Ignoring the ES part, I'm struggling with the implementation on the message propagation.
Here is the tables I have in the RDBMS.
EventStore: [aggregateId (varchar), aggregateType (varchar), aggregateVersion (bigint), messageId (varchar), messageData (varchar), messageMetadata (varchar), sequenceNumber (bigint)]
EventDelivery: [messageId (varchar, foreign key to EventStore), sequenceId (equal to aggregateId, varchar), sequenceNumber (equal to the one in EventStore, bigint)]
ConsumerGroup: [consumerGroup (varchar), lastSequenceNumberSeen (bigint)]
And I have multiple EventSubscriber
// In Application 1
#EventSubscriber("consumerGroup1", AccountOpenedEvent)
...
// In Application 2
#EventSubscriber("consumerGroup2", AccountOpenedEvent)
...
Here is the the flow when an AccountOpenedEvent is written to EventStore table.
For each application (i.e application 1 and application 2), it will scan the codebase to obtain all the #EventSubscriber, create a consumer group in ConsumerGroup table with lastSequeneNumberSeen = 0, then having a scheduler (with 100ms polling interval) to poll all the interested events (group by consumer group) in EventStore with condition sequeneNumber >= lastSequeneNumberSeen.
For each event (EventStore) in step 1, calculate the sequenceId (here the sequenceId is equal to aggregateId), this sequenceId (together with the sequenceNumber) is used to guarantee the message delivery ordering. Persist it into EventDelivery table, and update the lastSequeneNumberSeen = sequenceNumber (this is to prevent duplicate event being scanned in next interval).
For each application (i.e application 1 and application 2), we have another scheduler (also with 100ms polling interval) to poll the EventDelivery table (group by seqeunceId and order by sequenceNumber ASC).
For each event (EventDelivery) in step 3, call the corresponding message handler, after message is handled, acknowledge the message by deleting the record in EventDelivery.
Since I have 2 applications, I have to separate the AccountOpenedEvent in EventStore into 2 transactions, supposing 2 applications don't know each other, I can only do it passively. Thats why I need the EventDelivery table and polling scheduler.
Assuming I can use redlock + cron to make sure there is only 1 instance do the polling jobs, in case application 1 have more than 1 replicas.
Application 1 will poll the AccountOpenedEvent and create a record in EventDelivery, and store the lastSequenceNumberSeen in its consumer group.
Application 2 will also poll the AccountOpenedEvent and create a record in EventDelivery and store the lastSequenceNumberSeen in its consumer group.
Since application 1 and application 2 are different consumer group, they treat the event store stream separately.
Here is a problem, we have 2 schedulers and we would have more if there are more consumer group, these will make heavy traffic loads to the database. How to solve this? One of my solution is convert these 2 schedulers to a job and put these jobs into queue, the queue will handle the jobs per interval (lets say 100ms), but seems like this would introduce large latency if the job is unfortunately placed at the end of the queue.

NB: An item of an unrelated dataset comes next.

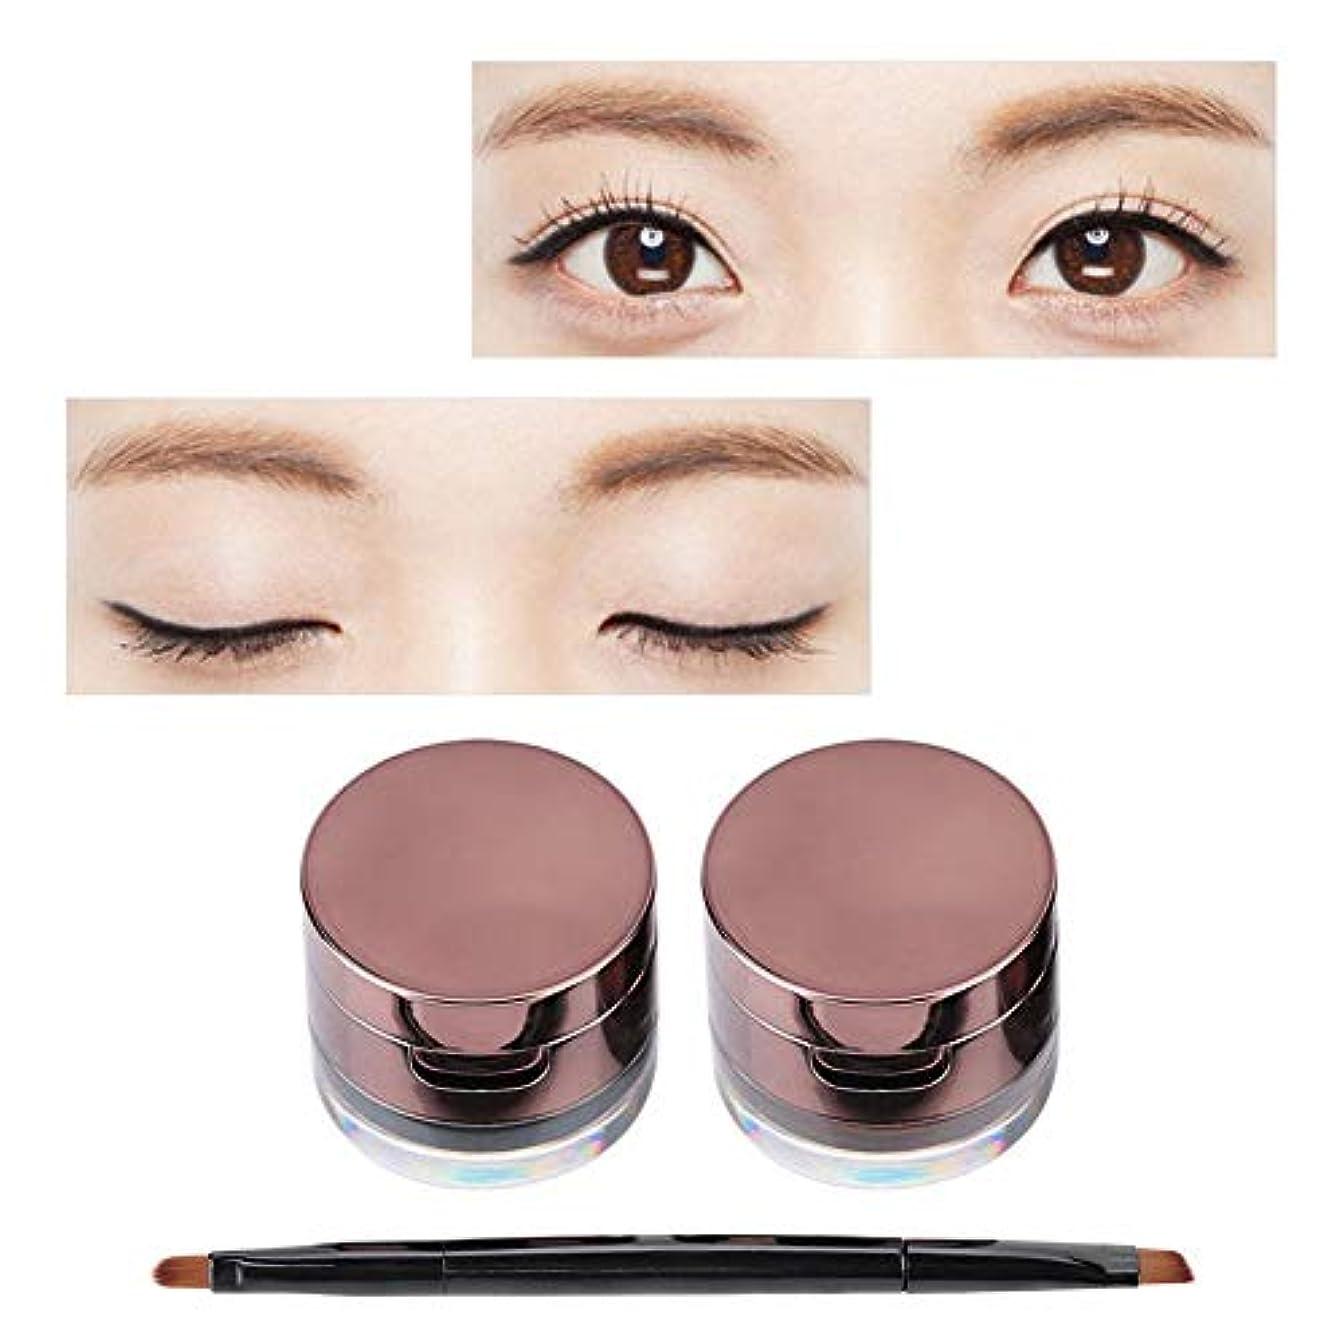 一生基礎誇張眉毛パウダーセット、ミスファイブメイクアップアイライナー眉毛パウダーセット防水化粧品ブラシキット

Here is the 2nd problem, in the above flow, I introduced the 2nd polling job to guarantee the message delivery ordering. But unlike the first one, I don't have the lastSequenceNumberSeen, the 2nd polling job will remove the job in EventDelivery if the message is handled. But it is common a message would be handled over 100ms. If thats in case, the same event in EventDelivery will be scanned again.
I'm not sure the common practice. I'm quite struggling on how to implement this. I did lots of research on the internet. I see some of them implement the message propagation by using Debezium + Kafka (Although I cannot use these 2 tools, I still cannot understand how it works).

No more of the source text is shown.